I love mysteries set on a train, and I especially love those train mysteries to be set in the 1930s or 40s. Mix in some golden days of Hollywood when there were “movie stars,” not actresses and actors, and you have a setup for some high drama. Dread Journey by Dorothy B. Hughes contains these elements and all the accoutrements that go with them, from cocktail hour to black satin dresses. Over-the-top is the norm, as evident when one of the characters is ordering steak for dinner, wanting only "the best." Think The Great Gatsby on a train, and Jay Gatsby throwing his shirts in the air as Daisy looks on at how splendidly beautiful the “best” shirts were. As the darkness behind the glamorous society facade is revealed in Fitzgerald’s book, the darkness of celebrity fame is exposed in Hughes’ book. All the cocktails on the luxury Pullman car on The Chief cross-country train can’t dull the sound of masks cracking and dreams dying.

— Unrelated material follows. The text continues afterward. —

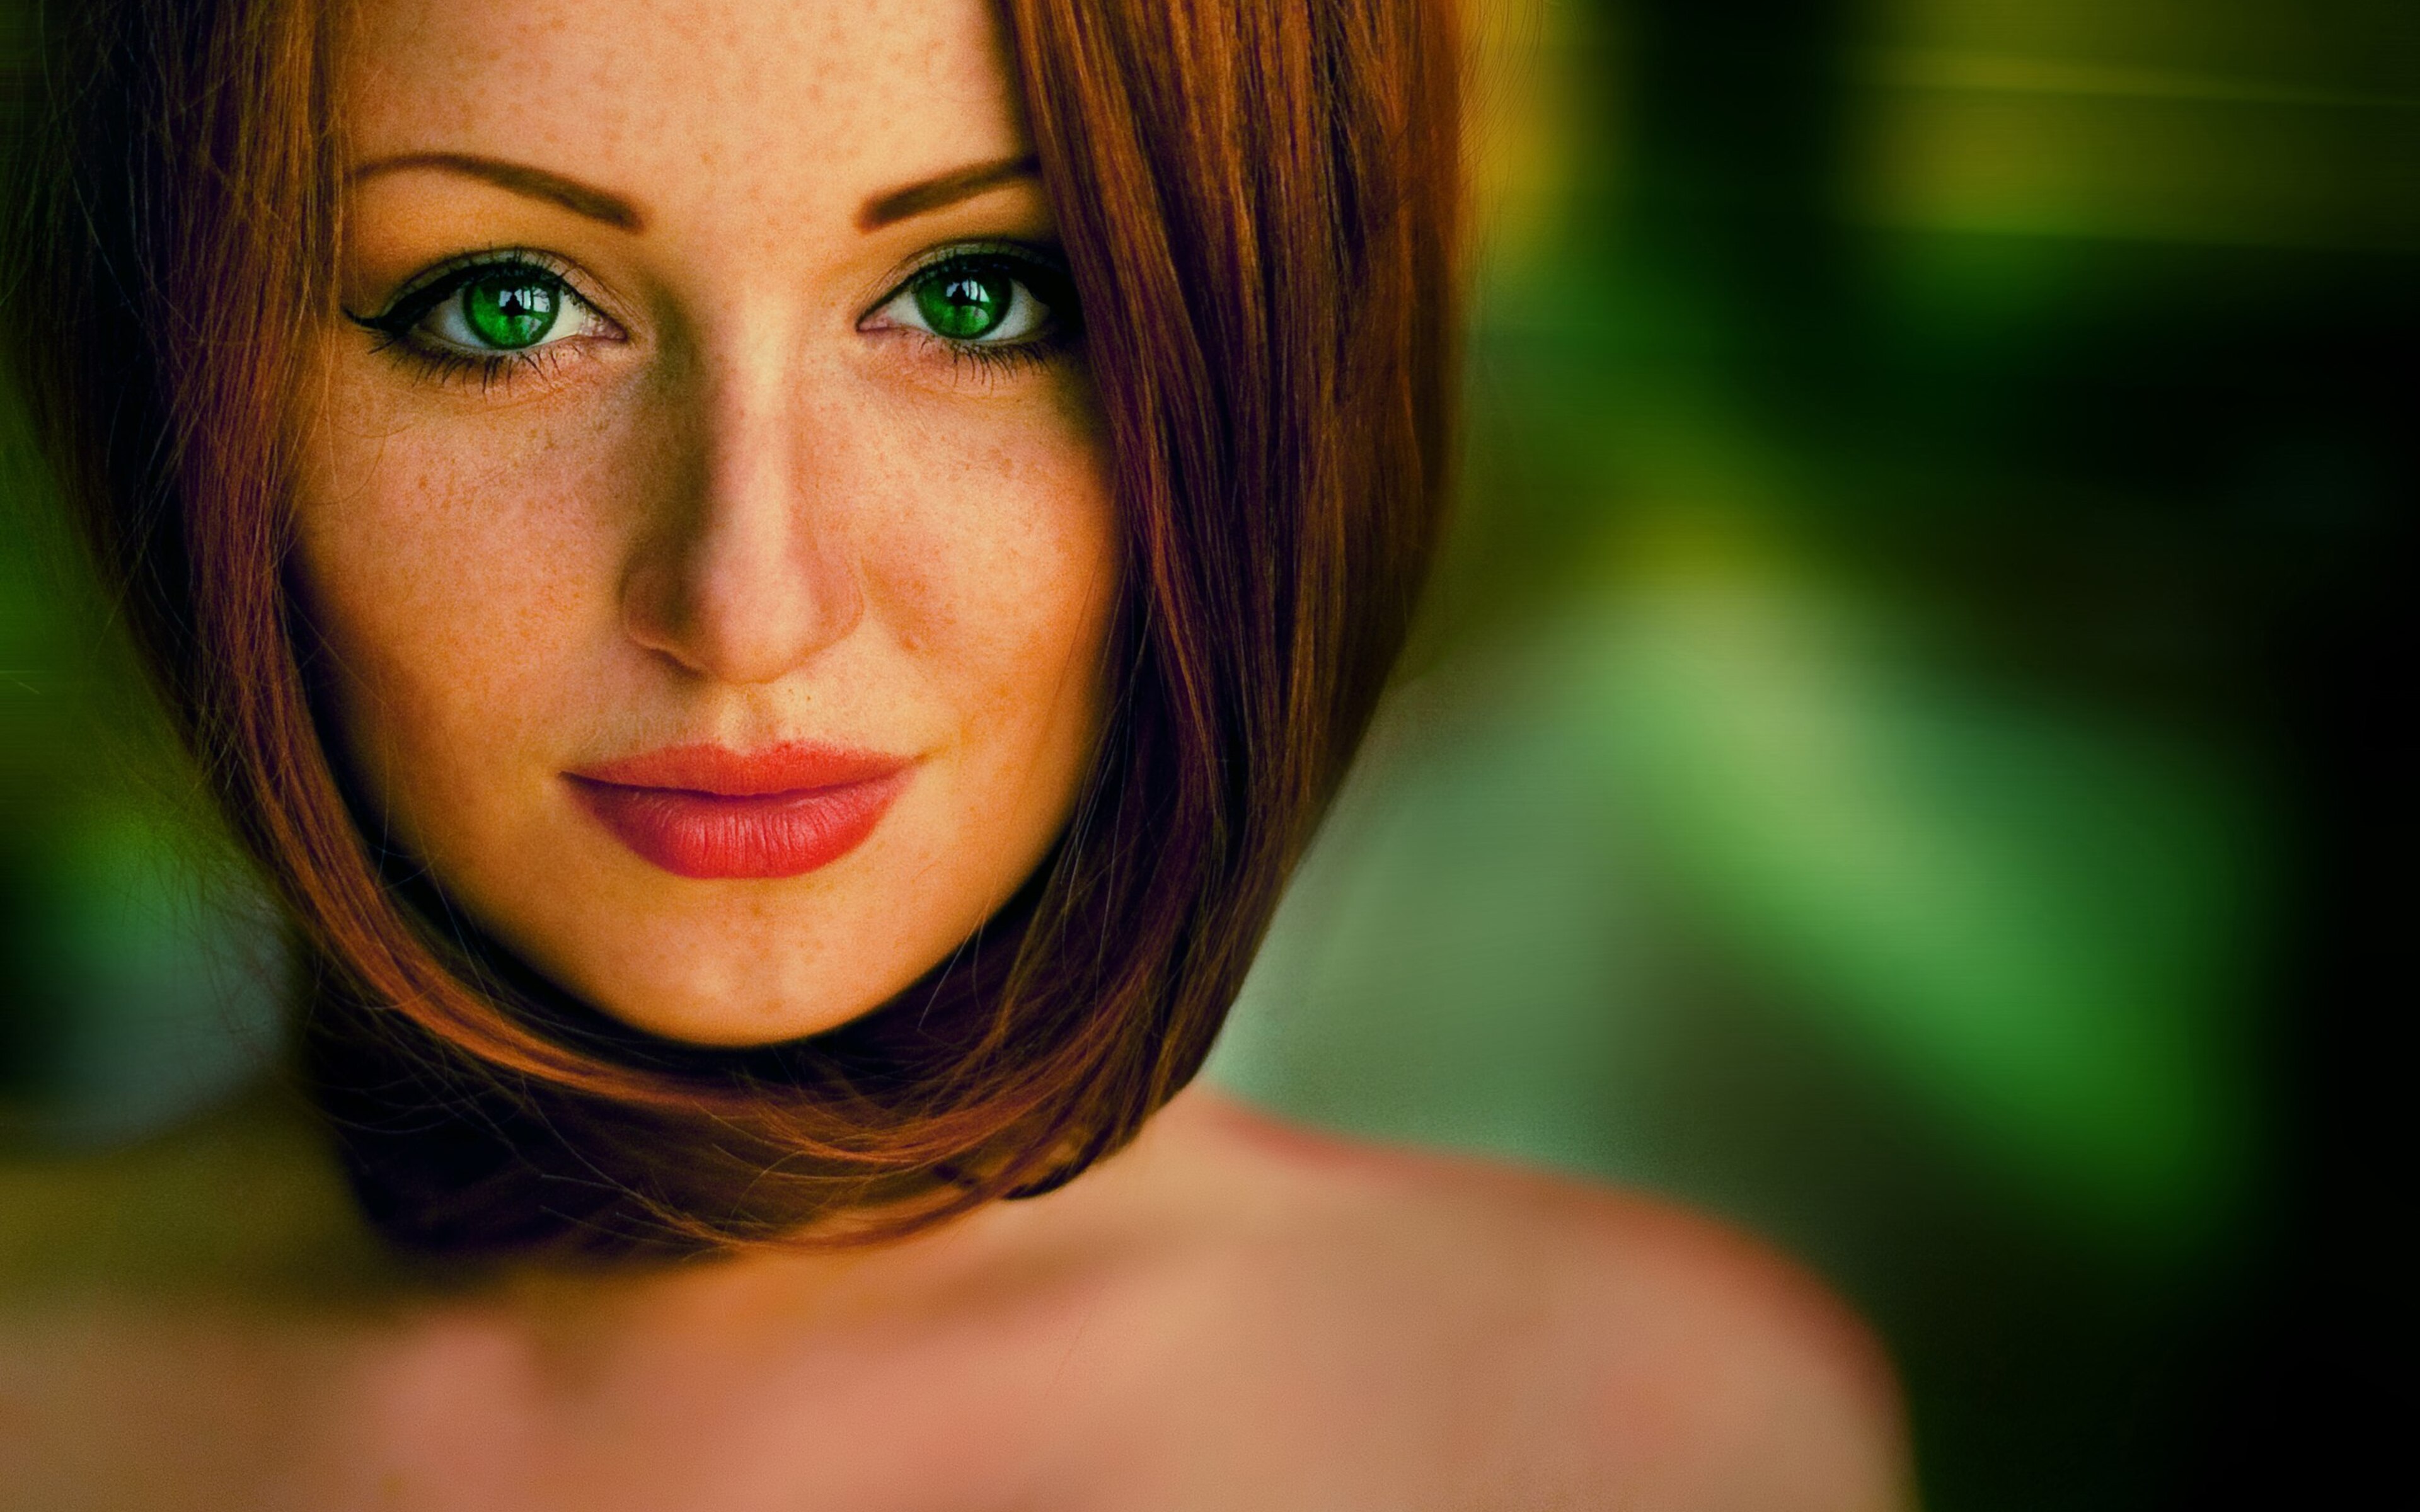 Красивая девушка с зелеными глазами. Девушка с зеленымигллазами. Зелёные глаза. Девушка с зверинимы глазами.

Kitten Agnew is a movie star. She has proved her worth as a box office draw, and she will not be dismissed as yesterday’s news. On a cross-country train trip from Los Angles to Chicago and then on to NYC, Kitten is in a fight for her career and, ultimately, her life. The role of her career, the goal of her life, is to play Clavdia Chaucat in an adaptation of Thomas Mann’s The Magic Mountain. Vivien Spender, the producer/director who found Kitten and made her into a star, has been, since he found her, grooming her to play this part in the movie he will produce, his magnus opus. But now, Vivien has found a new Clavdia, a fresh face to mold into his image of Clavdia. However, Kitten has an iron-clad contract with Vivien and won’t step aside. She was not the first beautiful girl to catch Viv’s eye and then later be discarded when he grew tired of them, so Kitten made sure her contract could not be broken.

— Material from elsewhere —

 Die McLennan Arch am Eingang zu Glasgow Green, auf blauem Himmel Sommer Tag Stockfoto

The train trip to New York City is set up by Viv under the ruse of going there for the premiere of Kitten’s new movie. At the last minute, his intentions become clear to Kitten, as he forces her to share a room on the train with his new ingenue, Gratia Shawn. There’s no discussion about it because Kitten and Viv aren’t talking to one another by then. Kitten has threatened Viv with a lawsuit, one which he will lose because of her iron-clad contract. He has offered her a million dollars to give in, but Katherine “Kitten” Agnew will not go away: she alone will play Clavdia. With a stalemate existing between them, Kitten has an overriding fear when the train trip begins of what Vivien Spender has in store for her. “She was afraid. It wasn’t a tremble of fear. It was a dark hood hanging over her head. She was meant to die. That was why she was on the Chief speeding eastward. This was her bier.”

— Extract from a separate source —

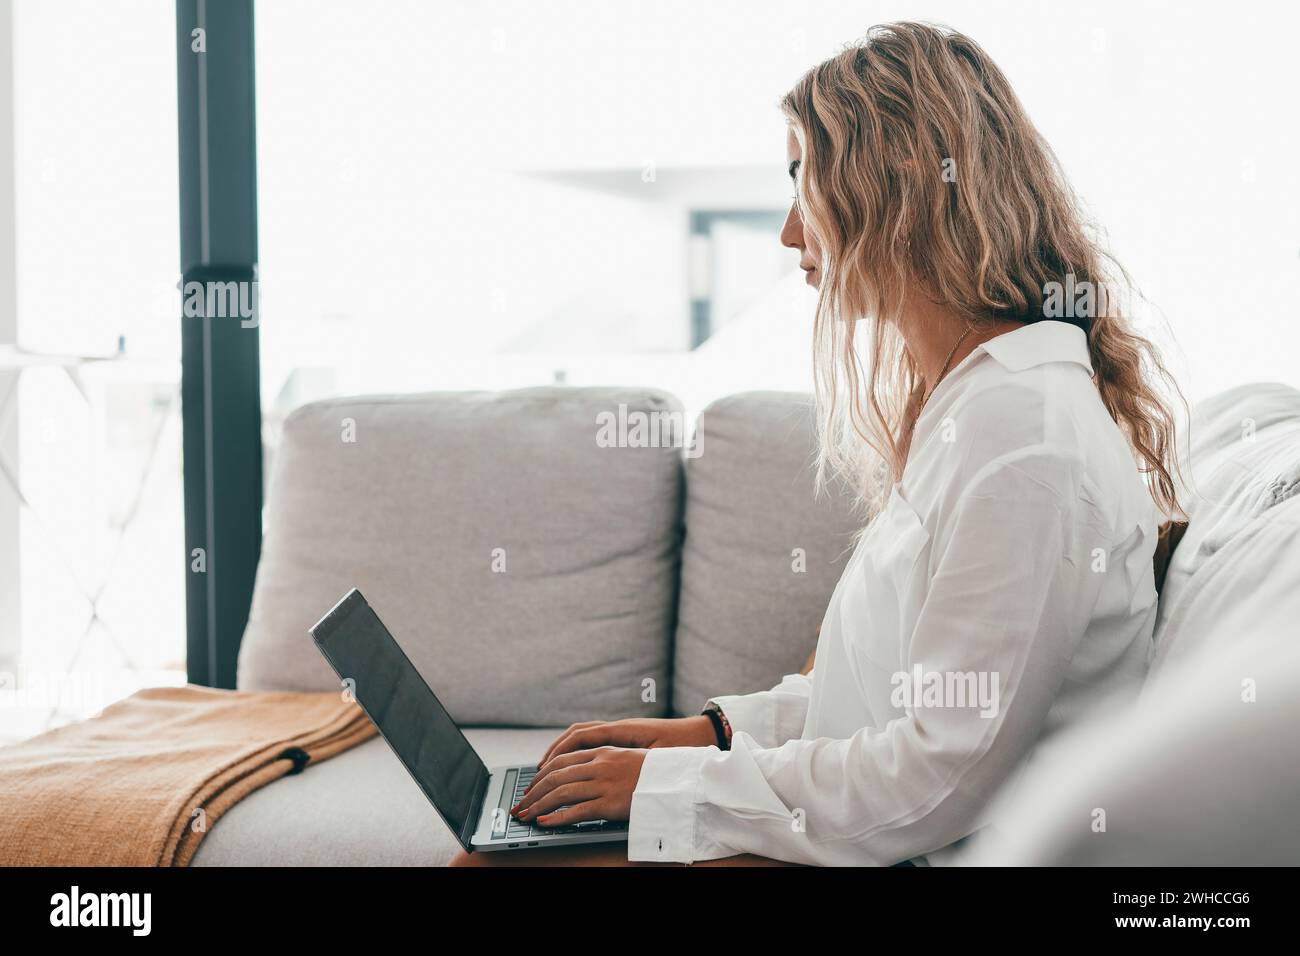 Porträt einer jungen attraktiven blonden Frau, die einen Laptop-pc auf der Couch benutzt und zu Hause im Internet surft. Working Online Concept Lifestyle Stockfoto

Vivien Spender had hoped to keep his new girl under wraps until New York, but Kitten knows Leslie Augustin, famous band leader and singer, who is also in their car, and drinks in Leslie’s room gives way to Gratia joining them. Journalist Hank Cavanaugh is also in Leslie’s room and working his way to his preferred state of drunkenness. So, a foursome of sorts is formed for drinks and dinner and whiling away the many hours on the train, exposing Gratia’s beauty to the public ahead of the plan. Kitten is glad of the companionship, as she is trying to ensure Viv doesn’t get her alone to try and eliminate her. Hank learns of Kitten’s trepidations about Viv, and he feels he might at least do something useful in life by saving her. Hank and Kitten have one of the longest conversations in the book, with Kitten in a completely honest moment in her wondering about dying and heaven and hell. The train speeds on, and the small world of the luxury car on the Chief train gets closer to its final act. The atmosphere is tense, and the suspense builds steadily with each chuga chuga chuga of the wheels. Can murder be averted, or is it the end of the line for Kitten?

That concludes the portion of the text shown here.